In a revealing appearance on 98.5 Sports with Philippe Cantin, Savard disclosed that when Geoff Molson tasked him with finding a new general manager in 2012, Lemieux personally called to express his interest.
"Claude Lemieux dreamed of leading the Canadiens."
- Serge Savard
- Serge Savard
Savard admitted he never considered Lemieux a serious candidate for the position. There was no formal interview and no real evaluation of what a four-time champion with deep business experience might bring to the front office.
"Lemieux was deeply hurt."
- League sources
- League sources
The job ultimately went to Marc Bergevin. Reports from those close to the situation suggest Lemieux was deeply hurt by not even being given a chance to present his case.
A competitor who wanted more than the ice
This wasn't some idle thought from a retired player searching for relevance. Lemieux had built a successful high-end furniture business in Florida with his wife Deborah, proving he could operate well beyond the confines of a locker room.
His hockey intelligence was never questioned during a 21-season NHL career.
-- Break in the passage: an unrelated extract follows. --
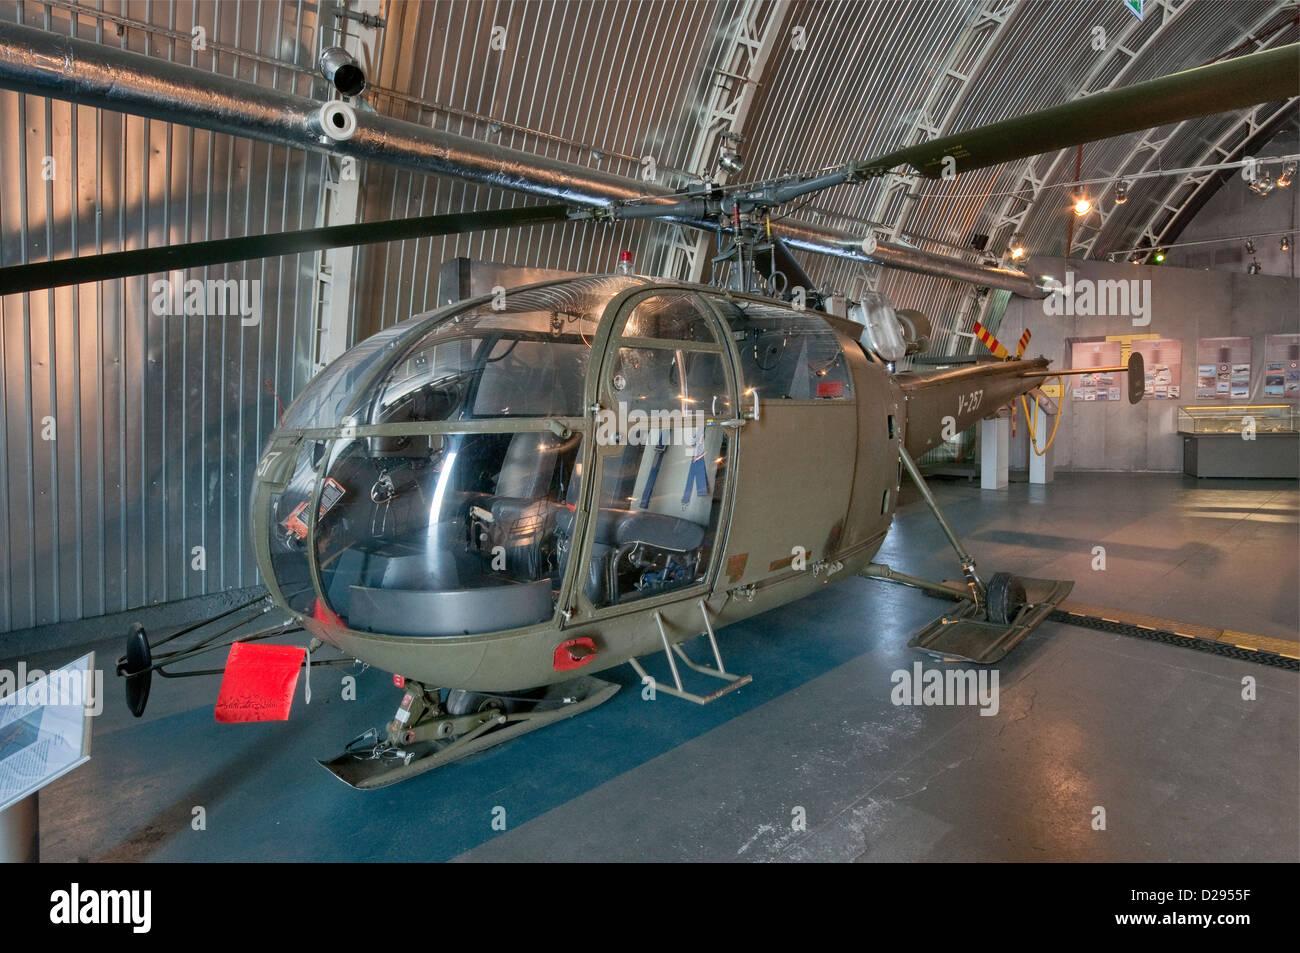 Sud-Aviation SE-3160 Alouette III multipurpose helicopter, Polish Aviation Museum in Krakow, Poland - Stock Image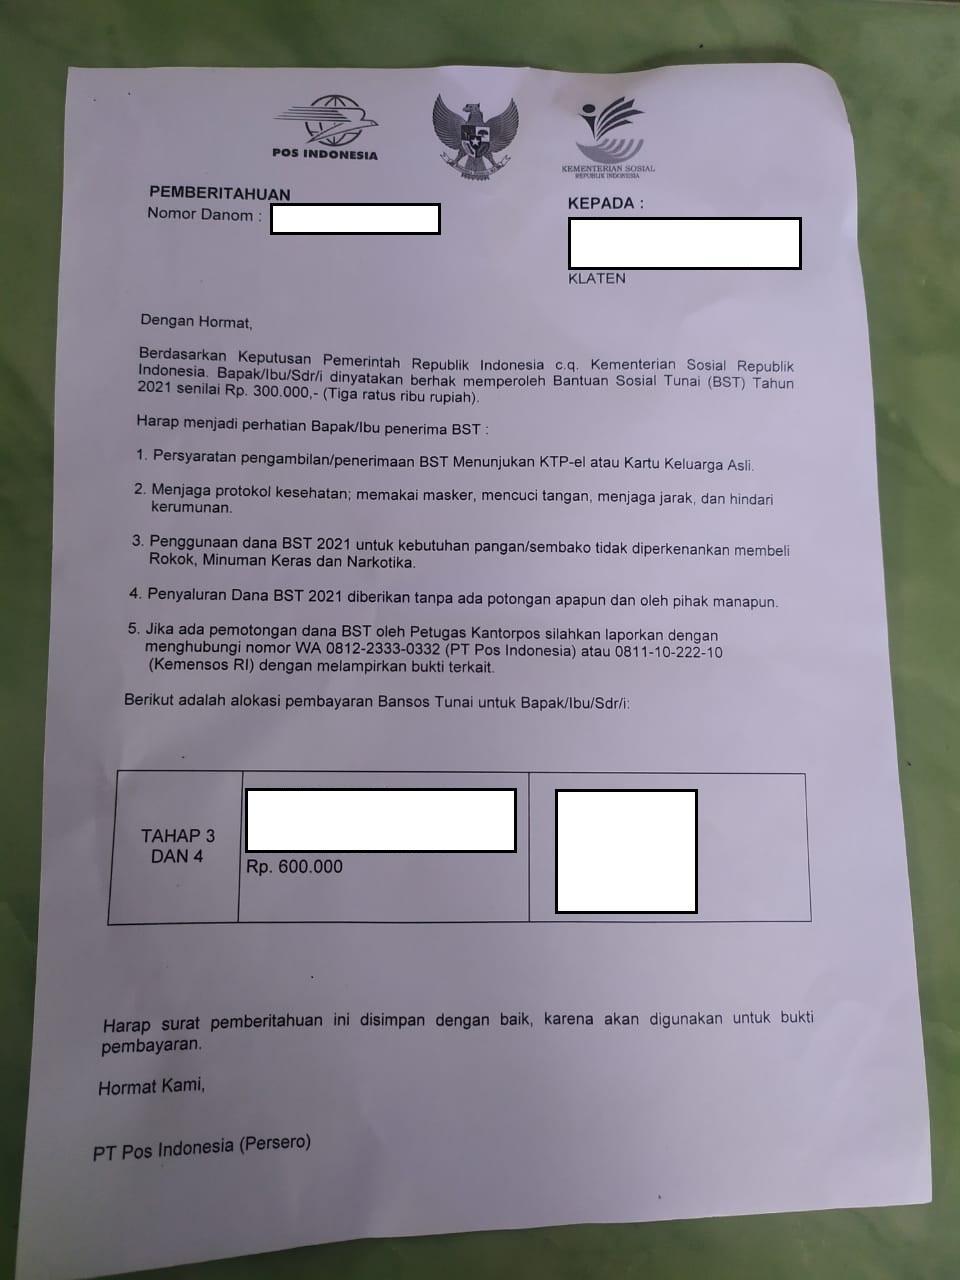 Surat undangan untuk pencairan bansos tunai Rp 300 ribu di kantor kelurahan.

Four Stanley Cup rings with three different franchises spoke to an understanding of winning culture that few executives could ever claim firsthand.
Yet the Canadiens apparently couldn't see past the player to evaluate the mind behind him. That's a blind spot the NHL still hasn't corrected, where the general manager pipeline remains narrow and predictable.
What this tells us about how the league values its own
Lemieux carried the ceremonial torch at the Bell Centre just days before his tragic passing at age 60, a gesture that proved Montreal still embraced him as a beloved champion.
The Savard revelation forces a harder question about whether that embrace ever extended to taking him seriously as a hockey executive.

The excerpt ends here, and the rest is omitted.